Raw data:
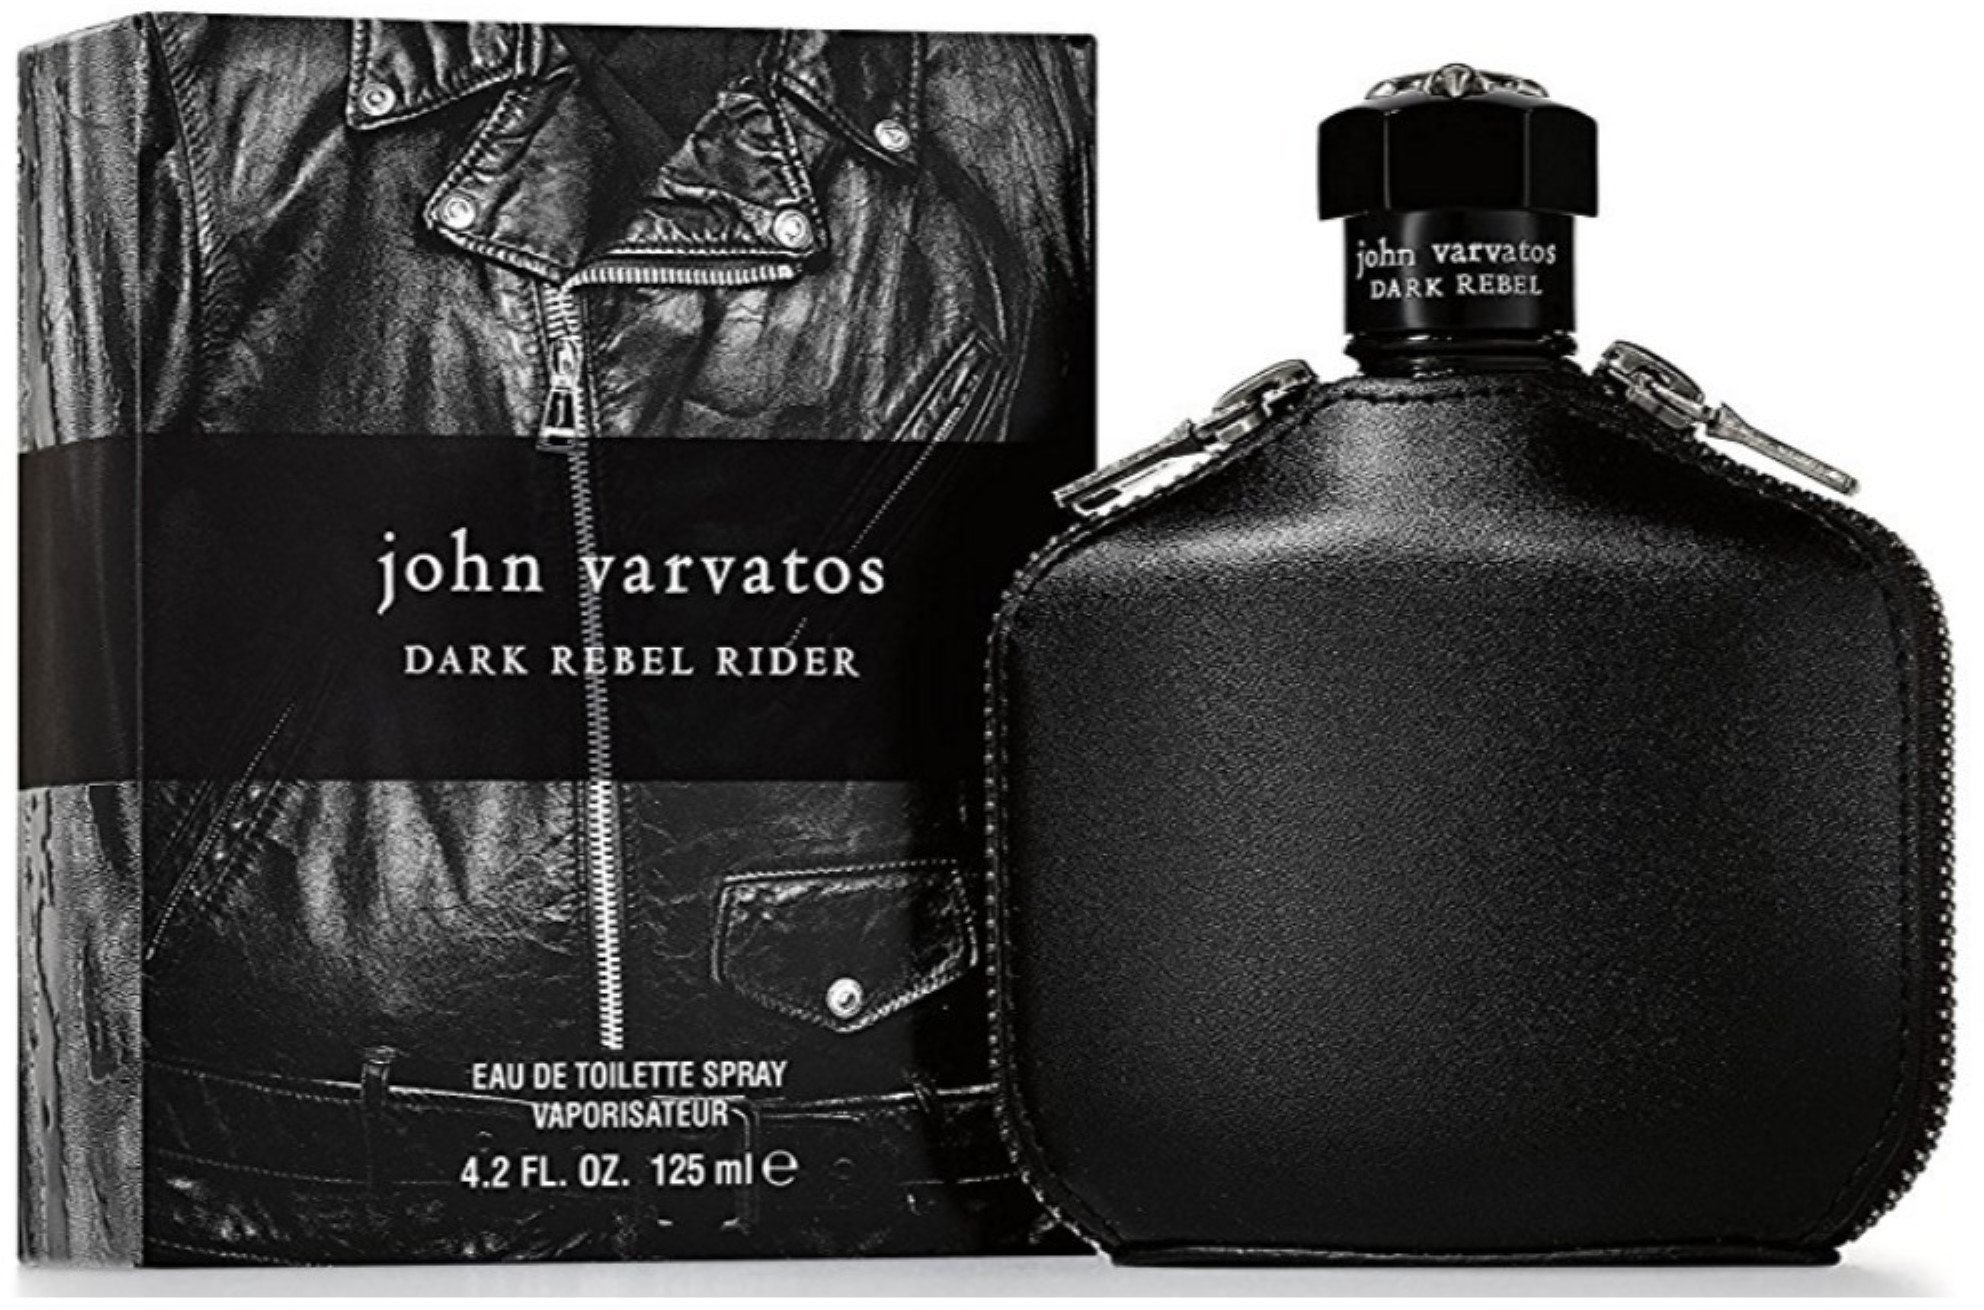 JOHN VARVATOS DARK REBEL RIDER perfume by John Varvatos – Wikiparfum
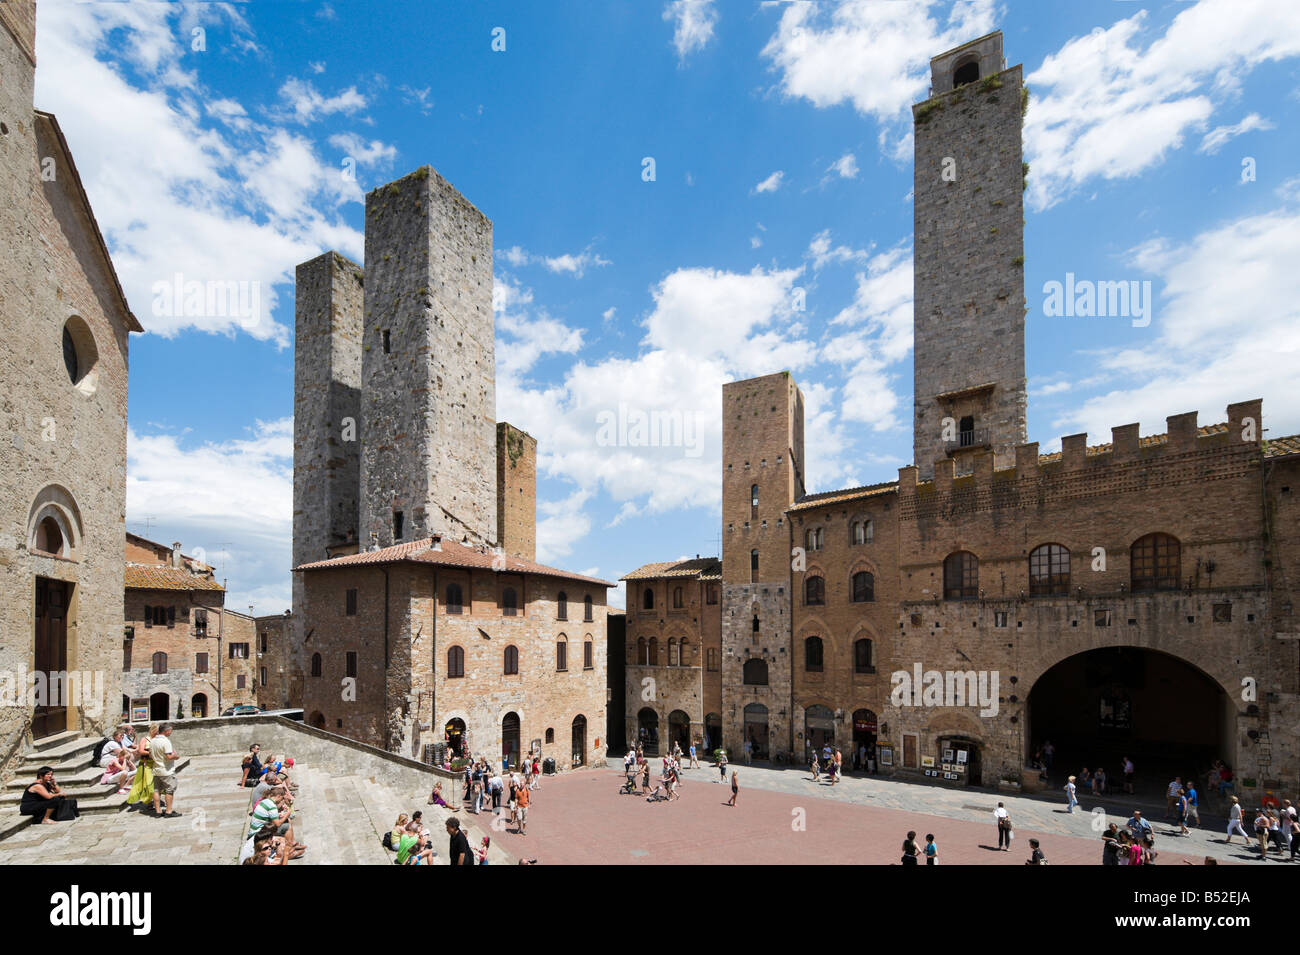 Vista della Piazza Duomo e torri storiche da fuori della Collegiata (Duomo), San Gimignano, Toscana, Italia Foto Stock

--

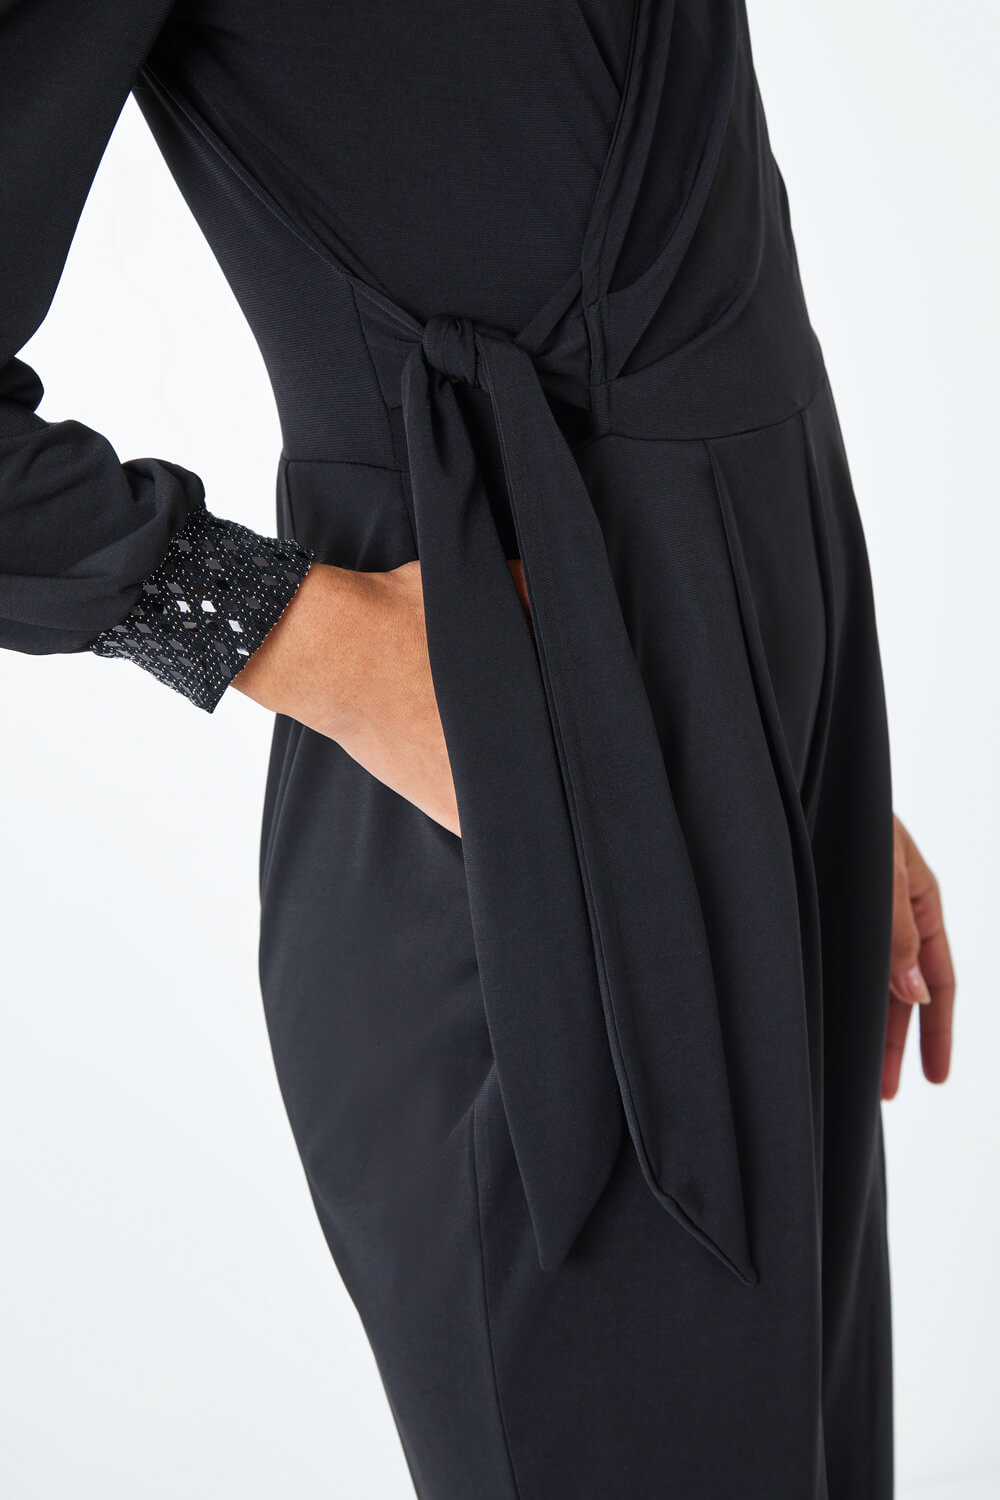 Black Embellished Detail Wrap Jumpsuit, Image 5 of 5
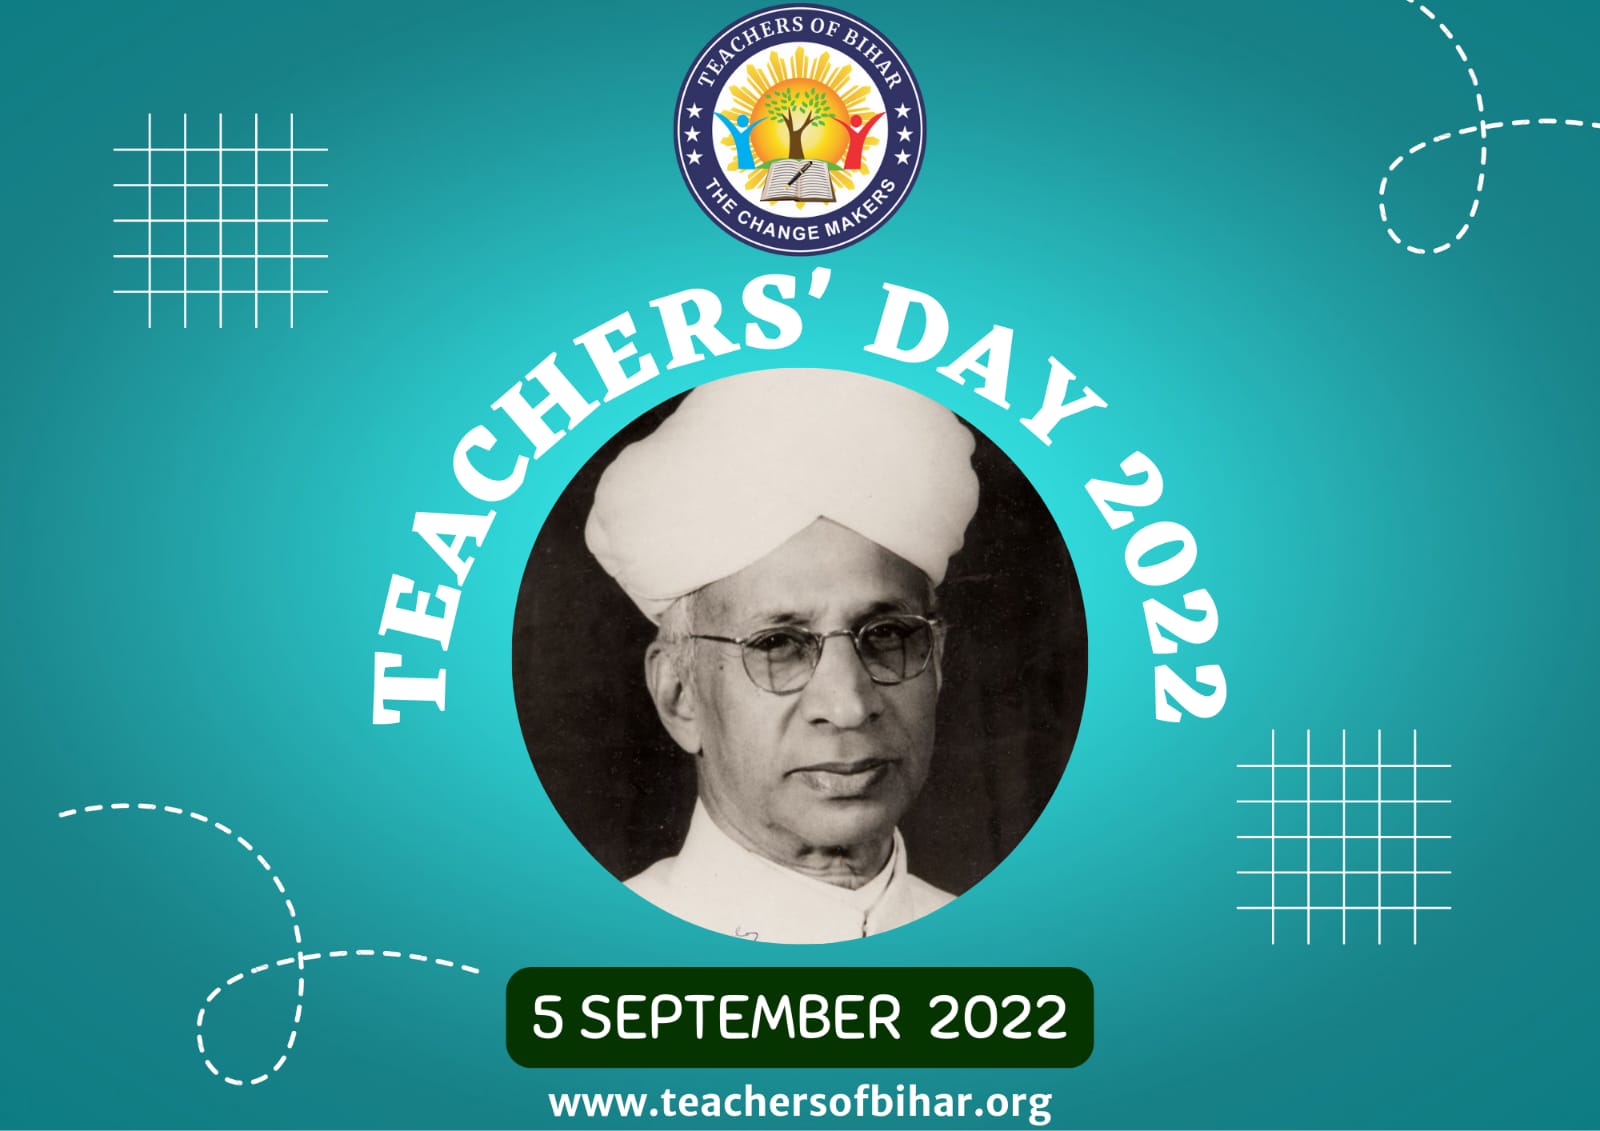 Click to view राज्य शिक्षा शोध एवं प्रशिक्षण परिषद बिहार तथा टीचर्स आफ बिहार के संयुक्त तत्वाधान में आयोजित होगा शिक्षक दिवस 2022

Work required: Copy the lines above exactly, starting at the one with "Black Embellished Detail" and ending at the one with "Click to view", both included. Leave out any pictures and add nothing else.

Result below:
 Black Embellished Detail Wrap Jumpsuit, Image 5 of 5
 Click to view राज्य शिक्षा शोध एवं प्रशिक्षण परिषद बिहार तथा टीचर्स आफ बिहार के संयुक्त तत्वाधान में आयोजित होगा शिक्षक दिवस 2022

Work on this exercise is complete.